> [MATERIAL PROVIDED]

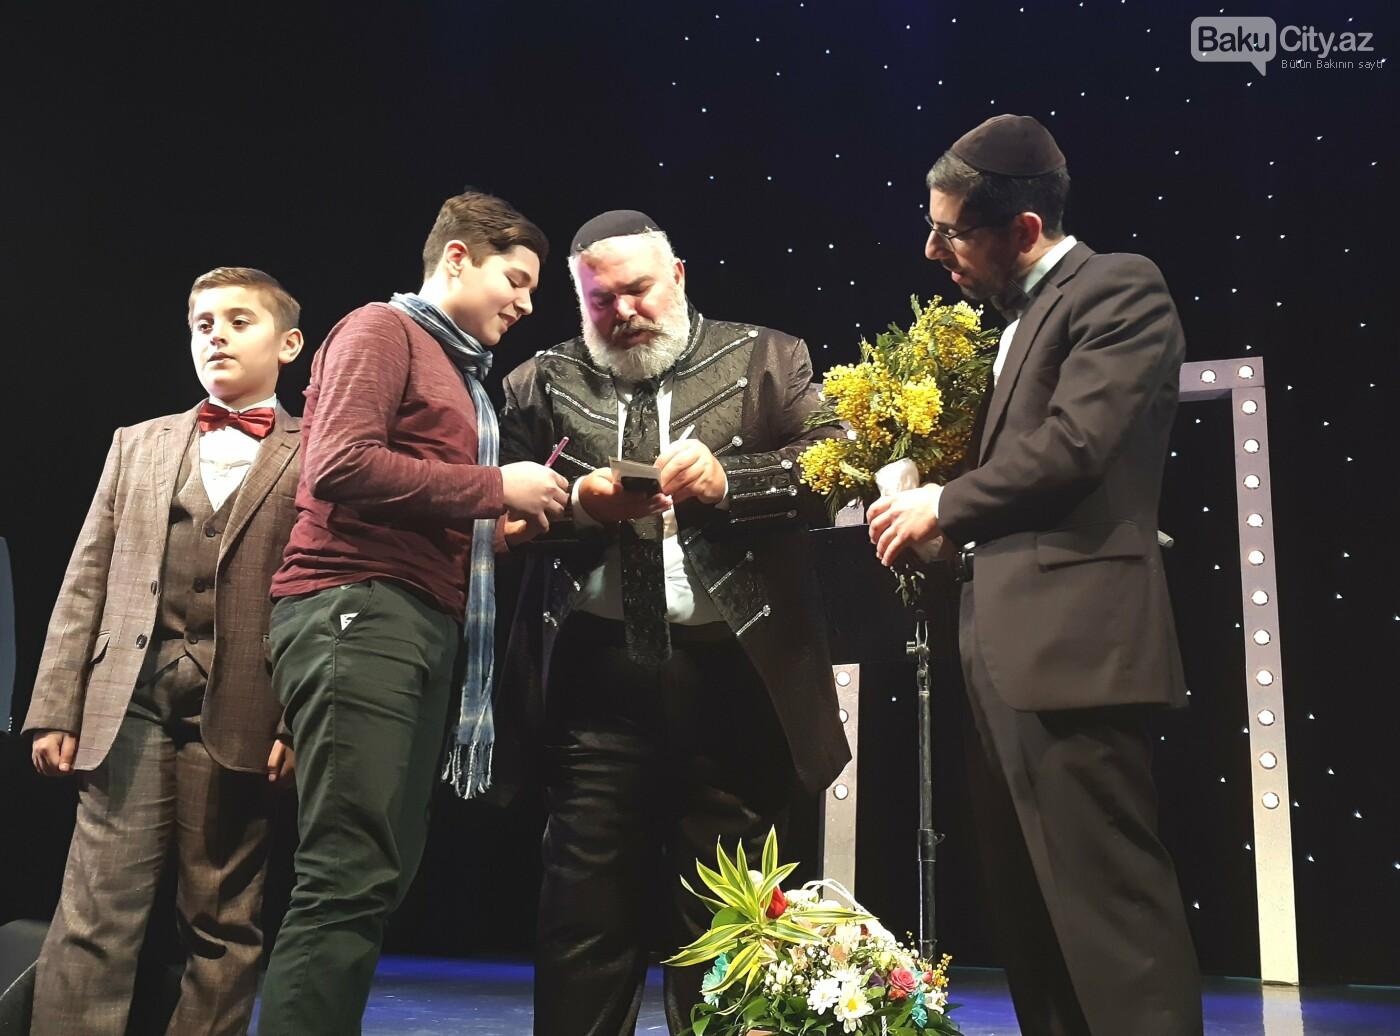 Bakıda tanınmış flamenko ifaçısısı konsert verdi – FOTO/VİDEO, fotoşəkil-26
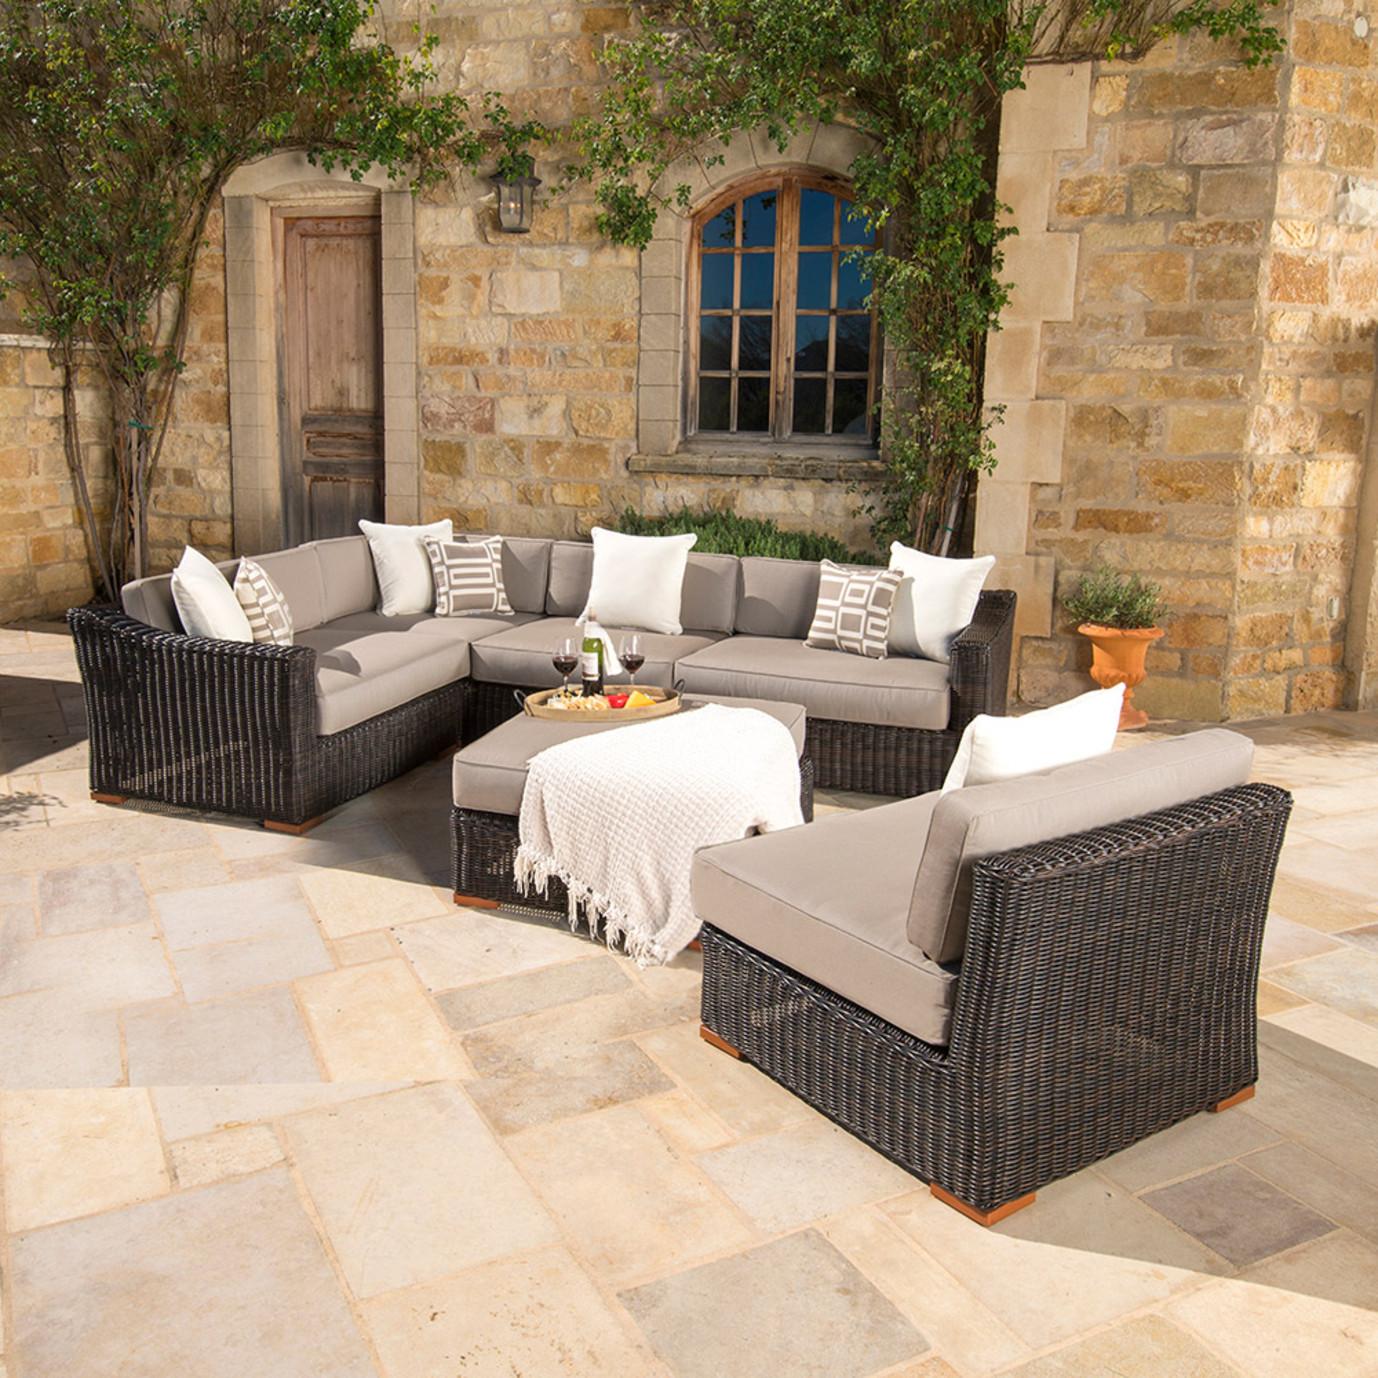 Resort™ 6pc Seating Set with Ottoman – Espresso/Frank Stone
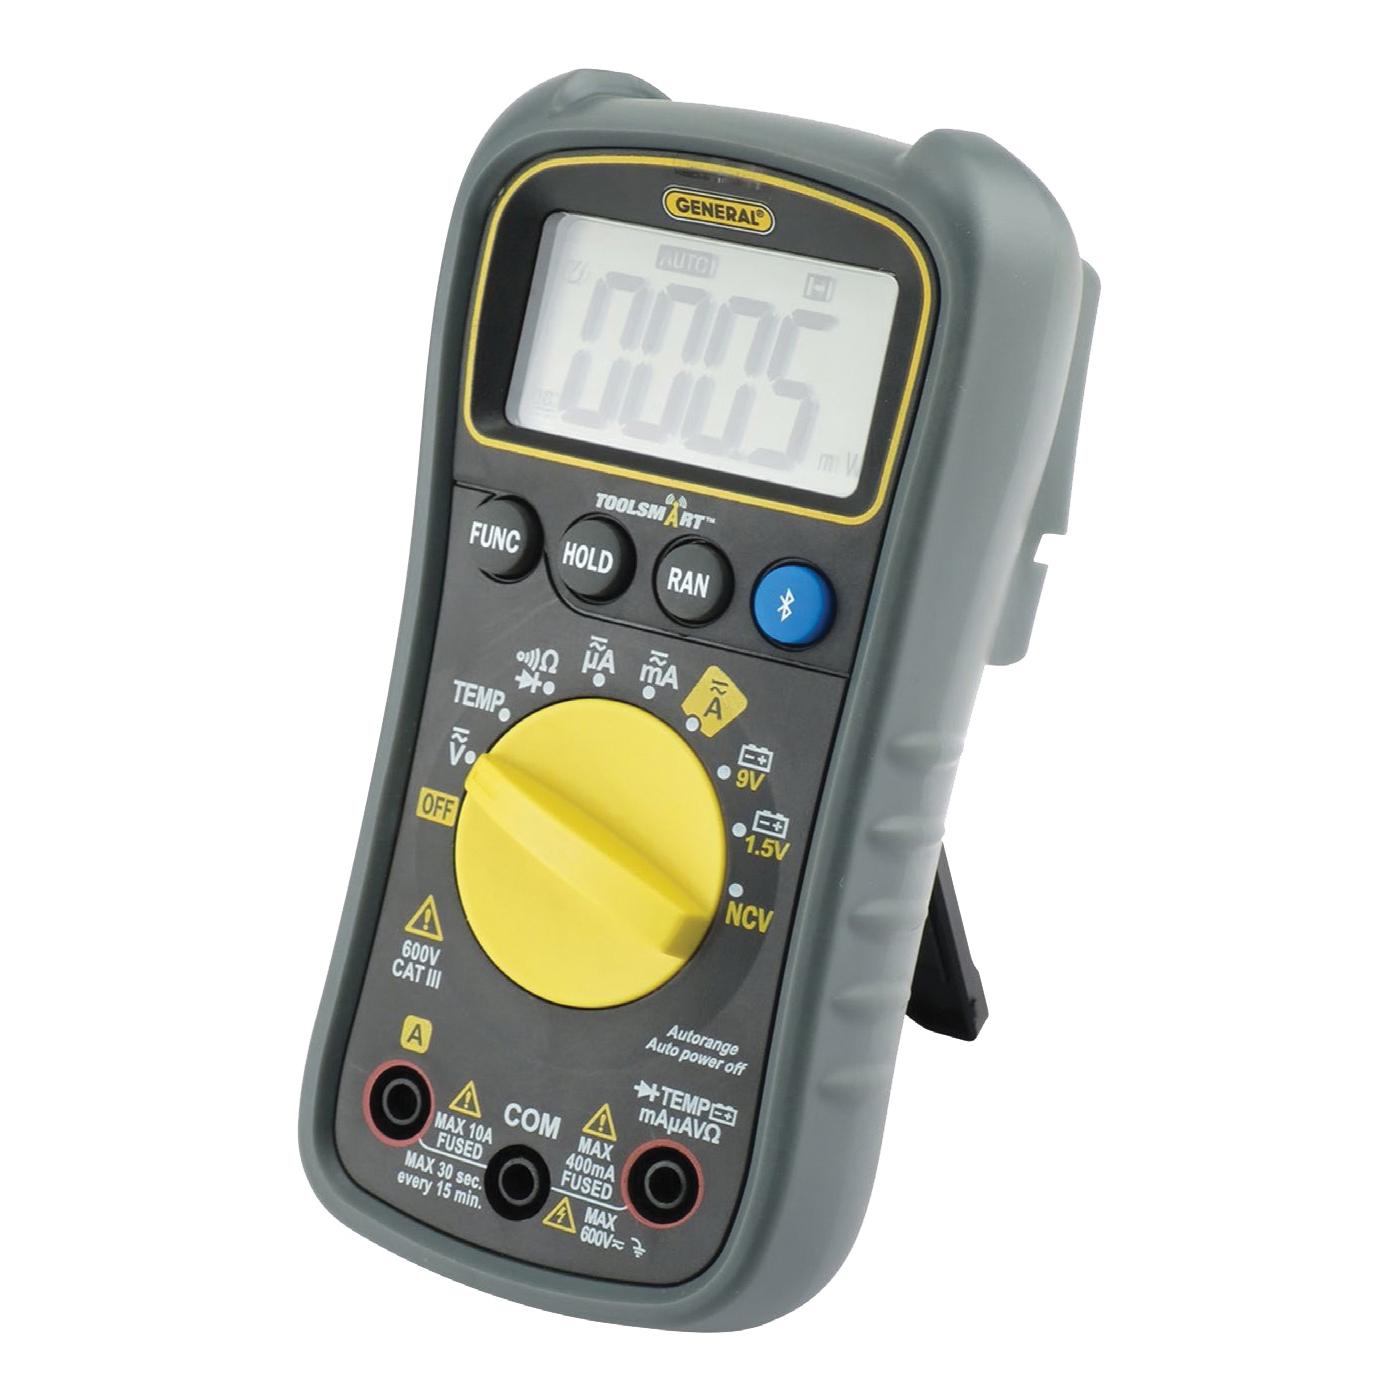 Picture of GENERAL ToolSmart TS04 Digital Multimeter, Digital Display
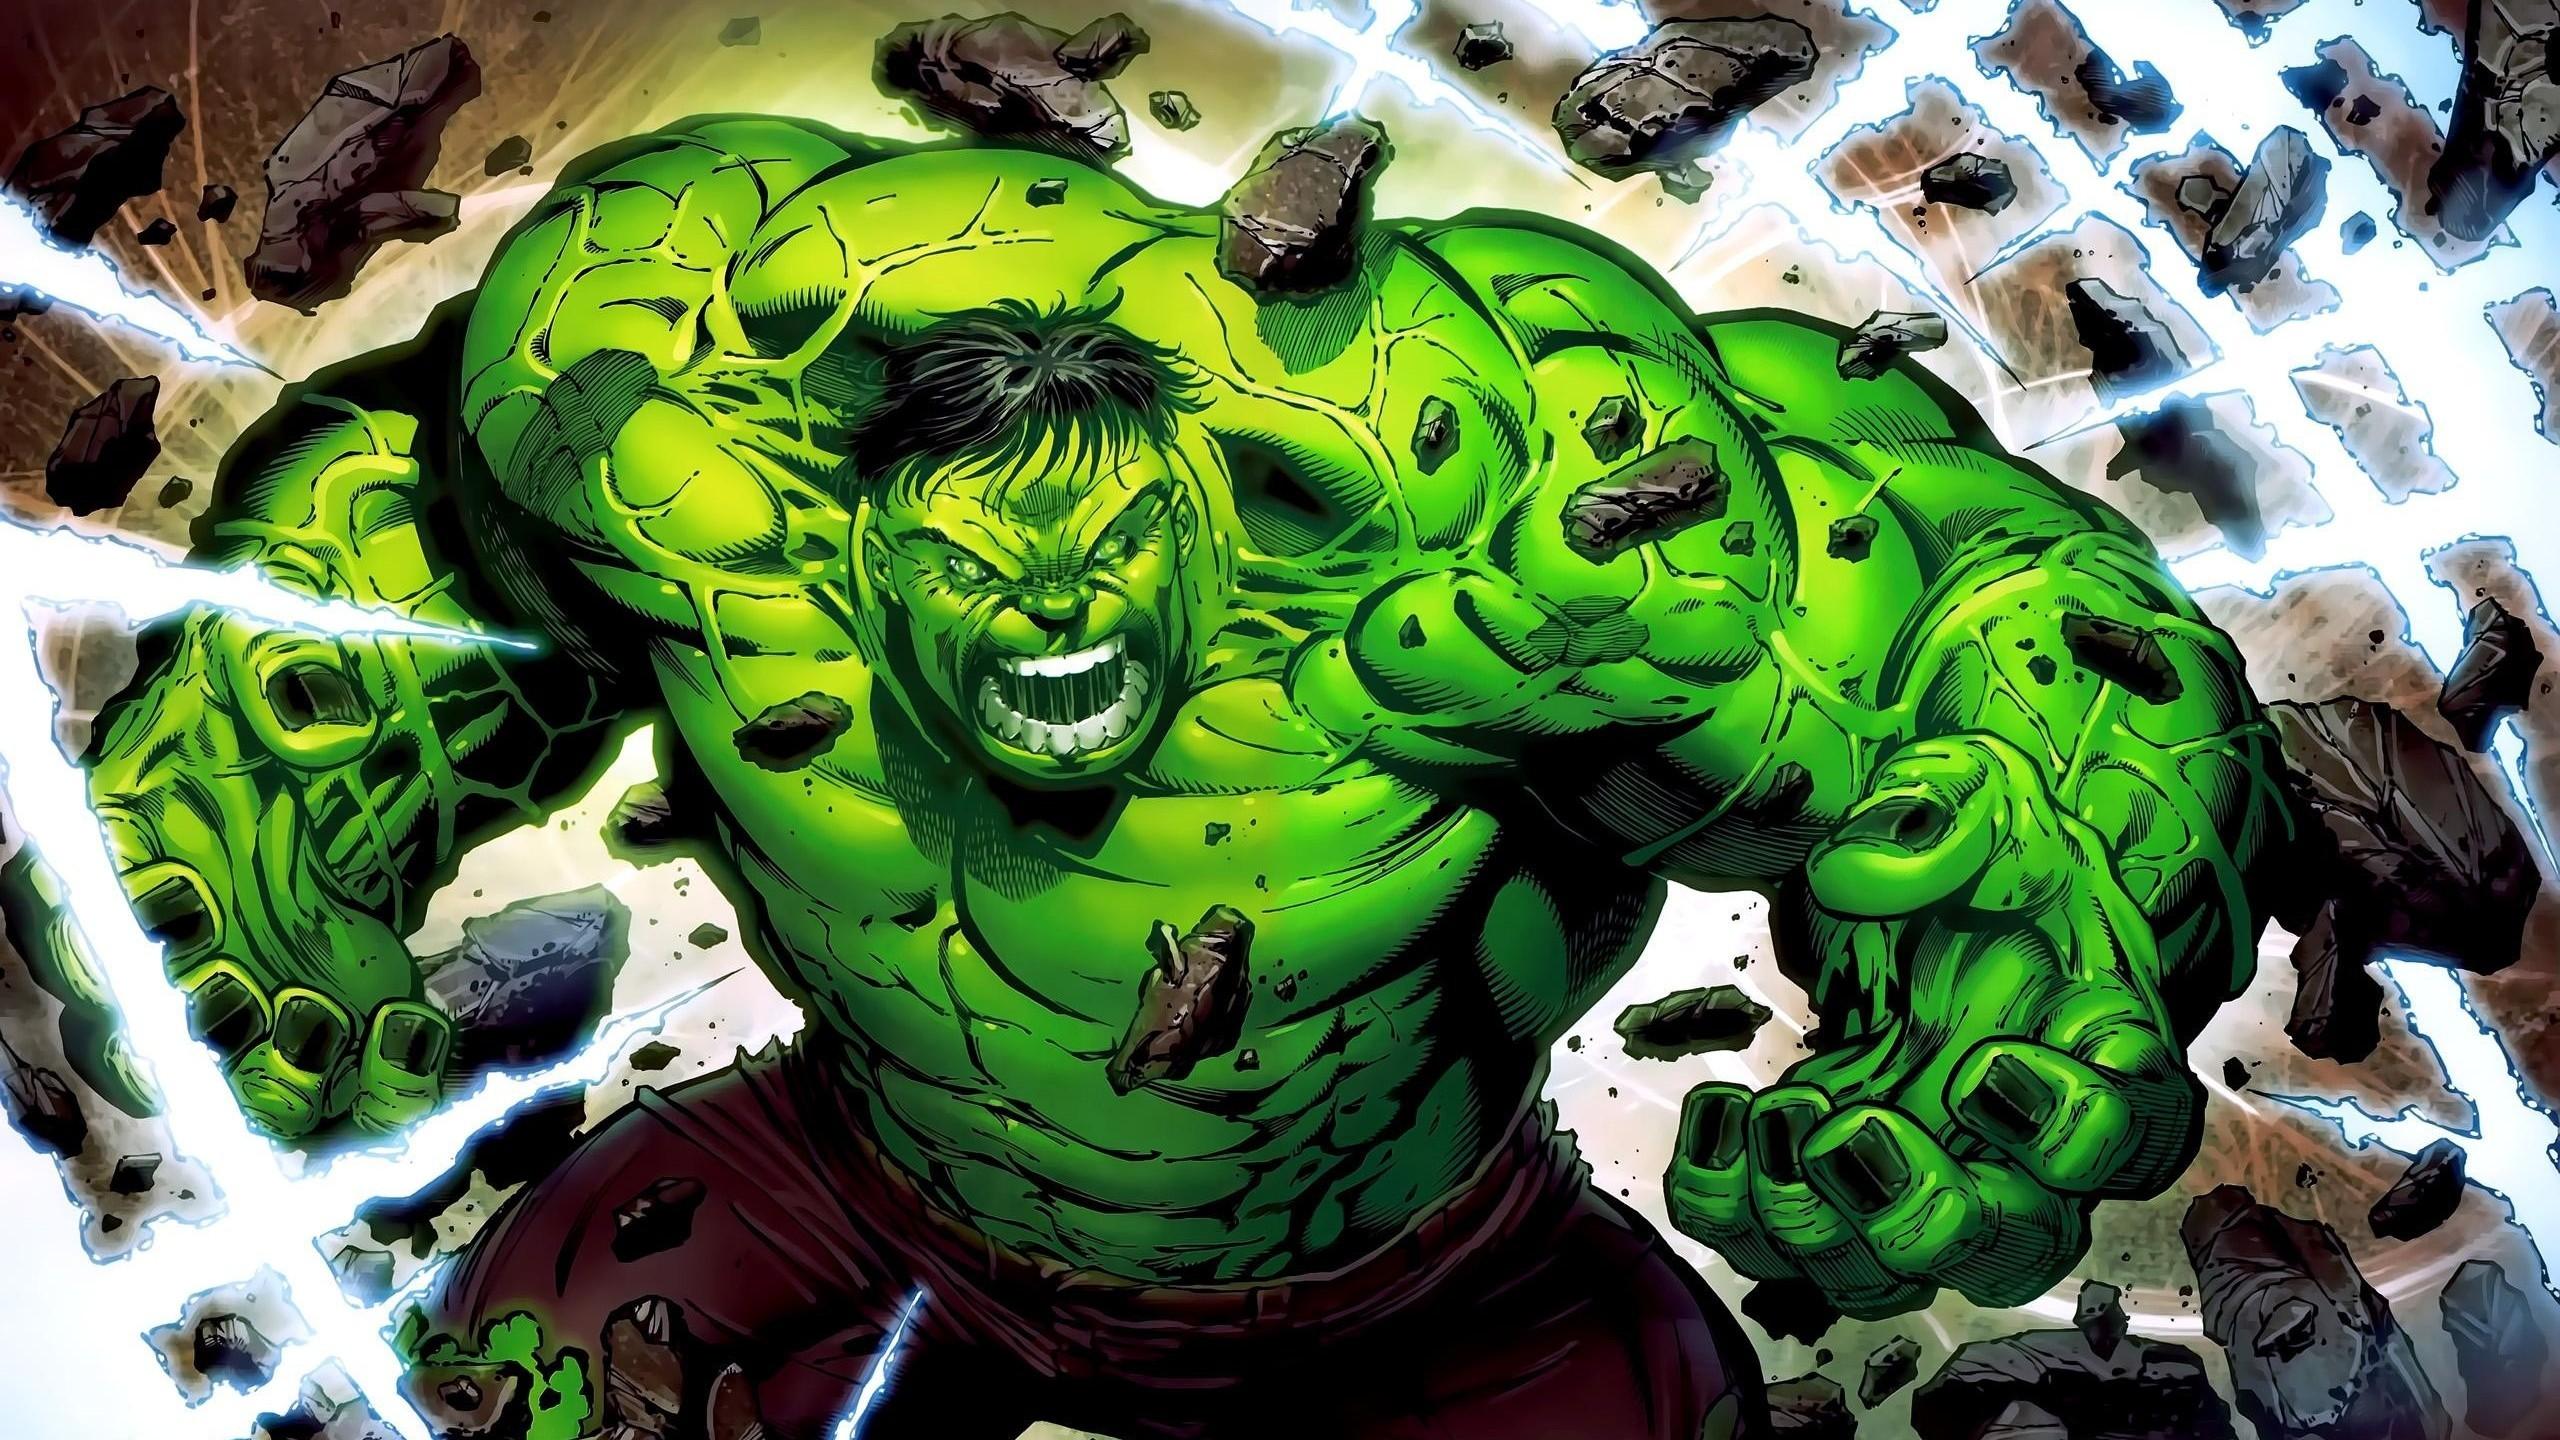 74 Hd Hulk Wallpapers on WallpaperPlay 2560x1440

> [PROBLEM TO WORK ON] What is needed here is an exact transcript of the data above, pictures excluded.

> [EXPECTED ANSWER]
 Bakıda tanınmış flamenko ifaçısısı konsert verdi – FOTO/VİDEO, fotoşəkil-26
 Resort™ 6pc Seating Set with Ottoman – Espresso/Frank Stone
 Picture of GENERAL ToolSmart TS04 Digital Multimeter, Digital Display
 74 Hd Hulk Wallpapers on WallpaperPlay 2560x1440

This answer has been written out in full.